The projected 2019 total MLB attendance of 68.8m represents a total occupancy – how close to capacity a ballpark attendance reaches – of 67.3 per cent across the league, which is down from 68.5 per cent in 2018.
While some teams have seen a rise so far in attendance during 2019 – with the season running from March to October – Two Circles said more needs to be done to satisfy fans if the decline is to be reversed.
“Numerous issues are contributing to overall MLB attendance decline, including the length of games in an on-demand entertainment culture; games required to be scheduled in unfavourable weekday slots; and a struggle for relevancy against other sports with more familiar athletes,” said Sam Yardley, SVP Consulting at Two Circles.
“To drive long-term ticket revenue growth, teams need to identify, know and engage with their target audiences – something we have seen our clients achieve internationally, in particular by growing attendances from millennial audiences – and moving from a sales-led ticketing approach to a digital-marketing-led approach.
“It is no coincidence that teams investing in their ballparks and innovating with their product offering and marketing proposition – such as the Minnesota Twins and Oakland A’s – will post attendance increases in 2019.”
Two Circles found that 15 teams are projected to have total attendance increases for the 2019 season. Of those, the Philadelphia Phillies (+34%), Minnesota Twins (+17%) and Pittsburgh Pirates (+14%) are projected to show the greatest year-on-year increases.
Toronto Blue Jays (-24%), Seattle Mariners (-24%), San Francisco Giants (-16%) and Detroit Tigers (-16%) are projected to have the biggest attendance decreases – losing, between them, a combined 1.9m attendees in 2019 compared to 2018.
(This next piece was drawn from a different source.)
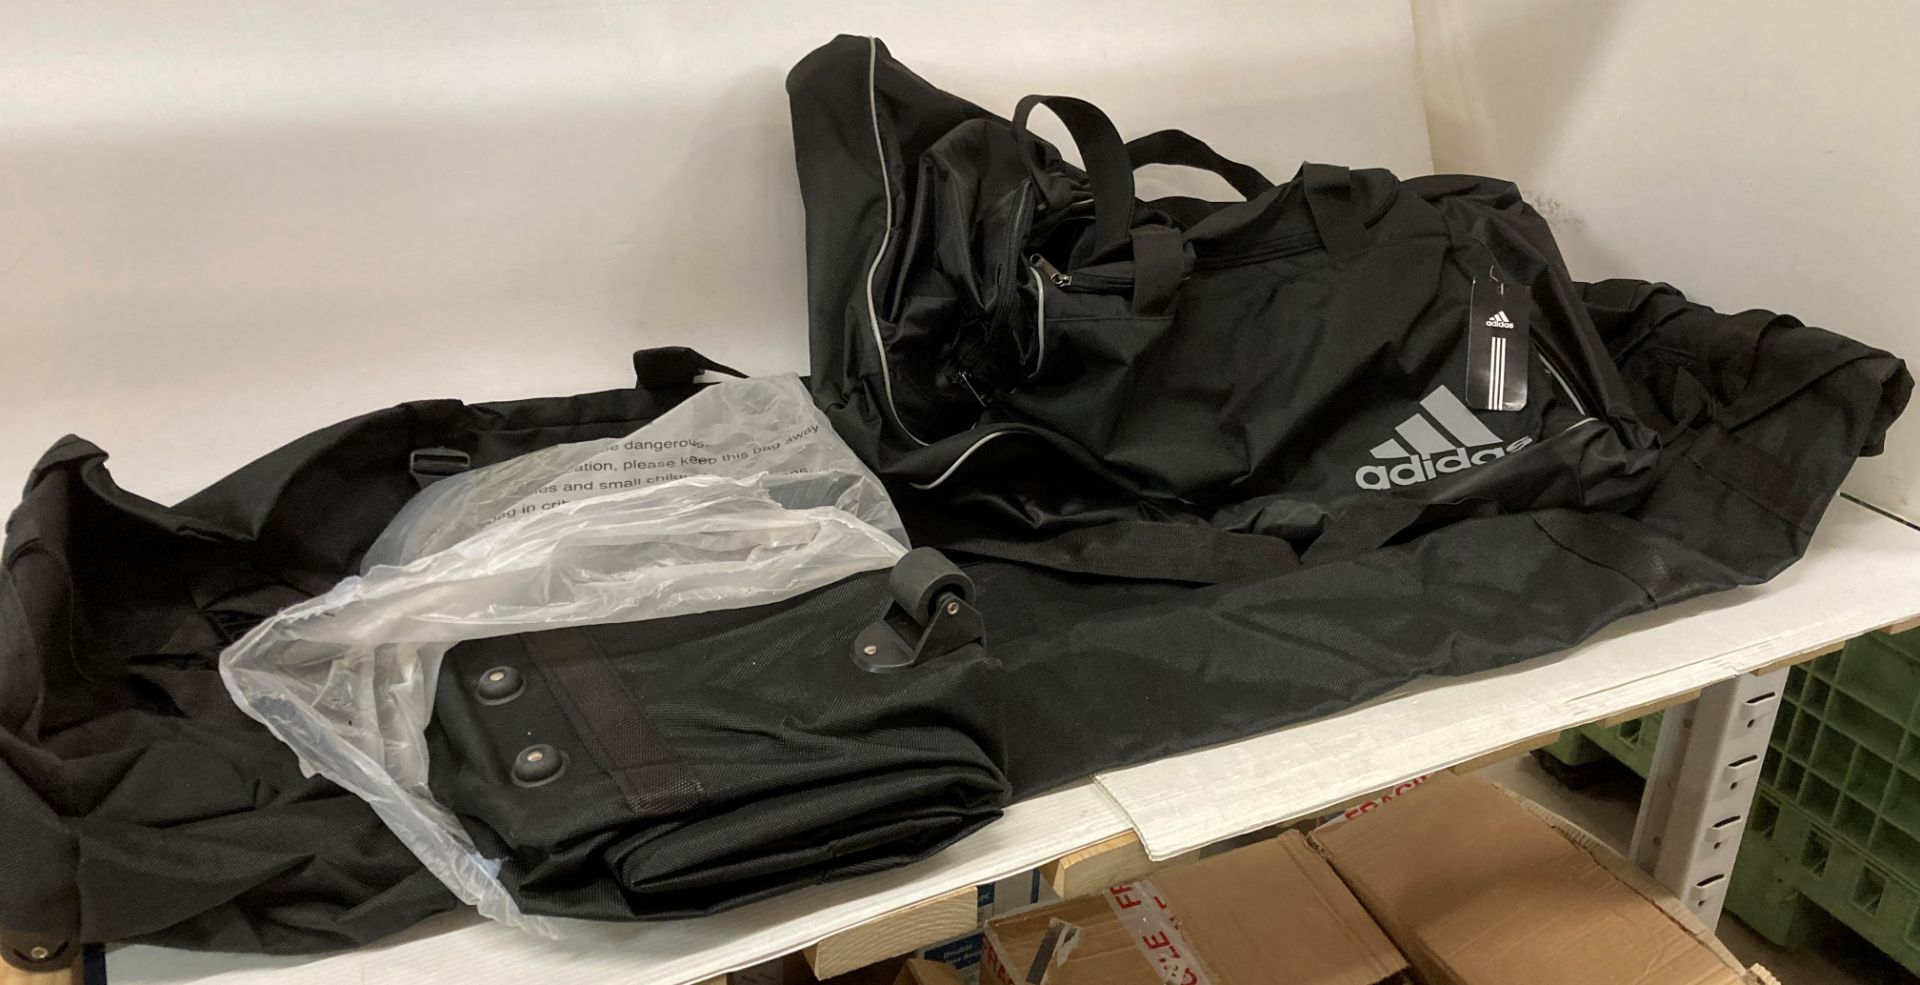 3 x items - 2 very large 3-wheeled pull along hold halls and a large Adidas holdall (E07)

Yardley added: “Though ticketing revenue is up, increasing ticket prices is only a short-term fix to the sport’s longer-term structural challenges. There’s a growing appetite for live experiences across North America, and as a family-friendly spectacle that mixes high-quality sport with entertainment around the stadium, MLB teams have a huge opportunity to increase attendances and grow gameday revenues as a result.
“And with experimental rule changes to shorten games – plus new regular season games in growth markets such as the UK – the league, centrally, is innovating to increase engagement with existing and new audiences.”
Earlier this season, MLB commissioner Rob Manfred cited “entertainment alternatives” as a key reason for the competition’s declining attendances.
“Given the explosion of entertainment alternatives and the growth of the secondary market, it is not surprising that season ticket sales can be challenging,” Manfred said, according to the Associated Press news agency.
“The clubs are responding to this challenge with creative and effective approaches. For example, sales of subscription tickets are double what they were a year ago. And the Twins recently had a $5 flash sale that produced crowds of over 30,000 in three of four games, and the largest single-game attendance since 2016.”